Vous résidez en France, dans le Grand Est, et vous envisagez une mission d’intérim en Belgique ? Le travail intérimaire belge est strictement encadré par la loi du 24 juillet 1987 et fonctionne différemment de l’intérim français. Cette rubrique vous explique vos droits, étape par étape.
Une relation triangulaire
- l’agence d’intérim (« entreprise de travail intérimaire ») : votre employeur juridique, qui vous paie et vous déclare à la sécurité sociale belge ;
- l’utilisateur : l’entreprise dans laquelle vous effectuez votre mission et qui vous donne les instructions de travail ;
- vous, l’intérimaire : vous signez votre contrat de travail avec l’agence, jamais avec l’utilisateur.
Les spécificités belges à connaître
📋 Des motifs de recours définis par la loi
L’intérim n’est autorisé que pour : remplacement d’un travailleur permanent, surcroît temporaire de travail, travail exceptionnel, insertion en vue d’un engagement permanent, prestations artistiques et trajets régionaux de mise au travail.

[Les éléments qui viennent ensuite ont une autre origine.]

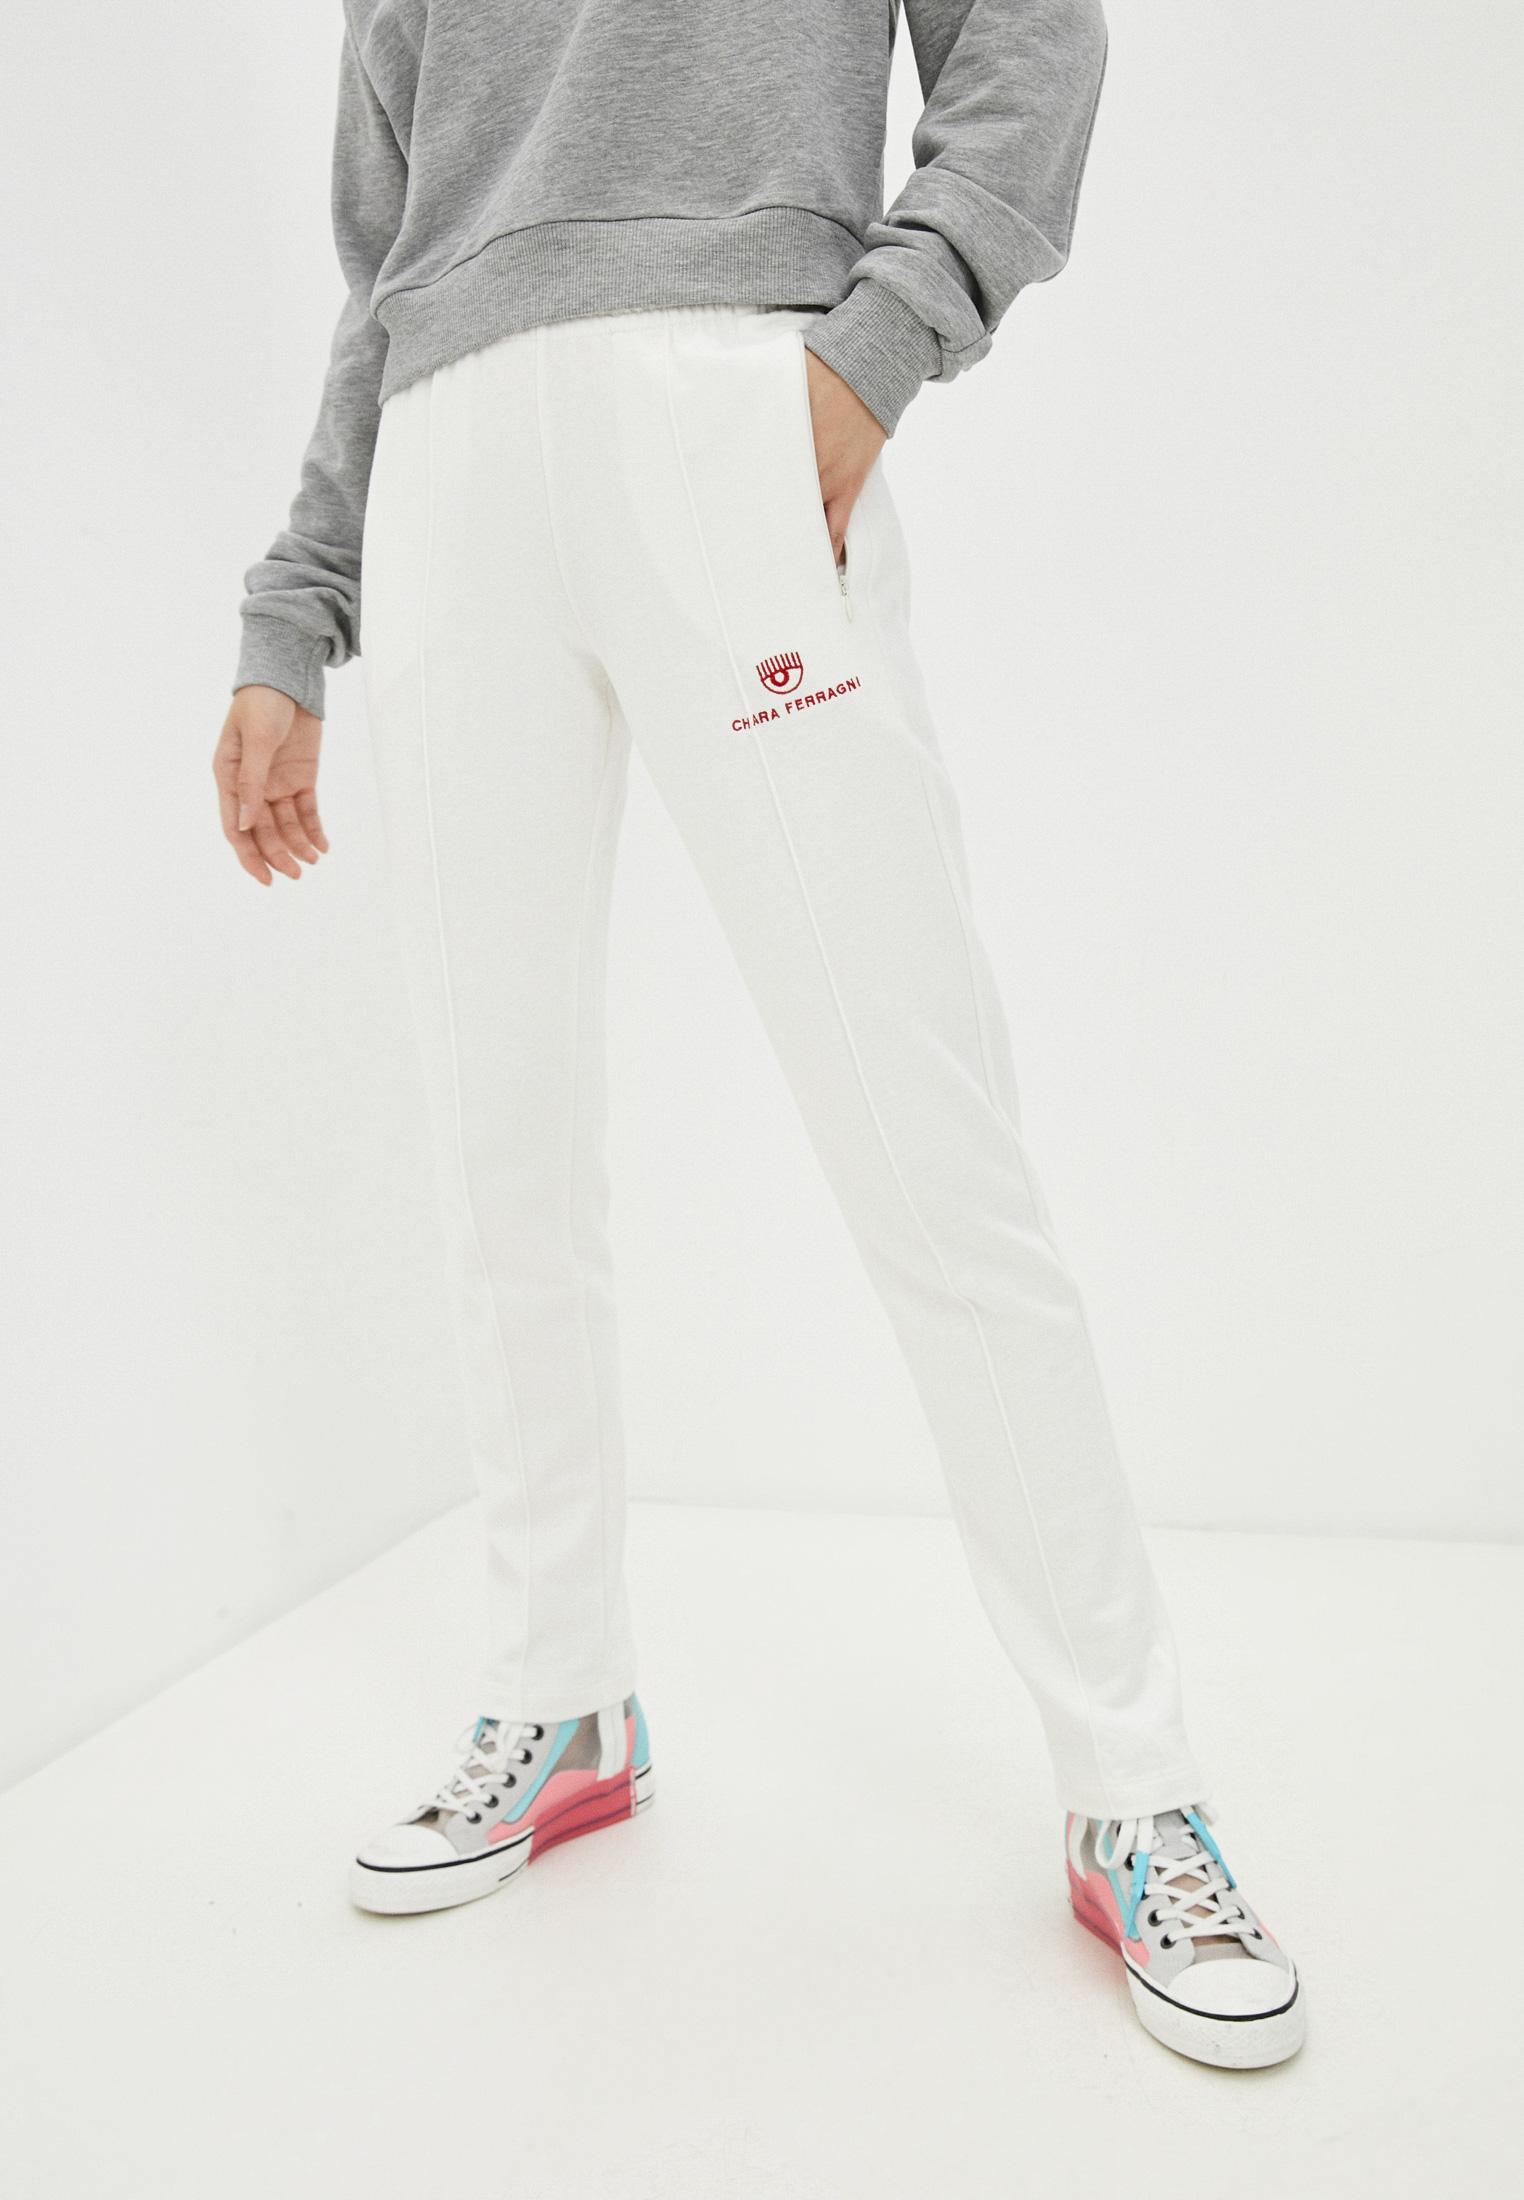 Женские спортивные брюки Chiara Ferragni Брюки спортивные Chiara Ferragni

📅 Des contrats souvent très courts
Contrats journaliers ou hebdomadaires successifs, renouvelés de semaine en semaine, même pour des missions longues. Sauf accord contraire, les 3 premiers jours travaillés constituent une période d’essai.
Autre différence avec la France : pas de prime de précarité de 10 %. L’intérimaire perçoit en revanche un pécule de vacances et une prime de fin d’année propres au secteur.
🇪🇺 À noter
Citoyen de l’Union européenne, vous n’avez pas besoin de permis de travail pour travailler en Belgique. En revanche, vous devez passer par une agence d’intérim agréée par la région où elle exerce (Wallonie, Flandre ou Bruxelles-Capitale).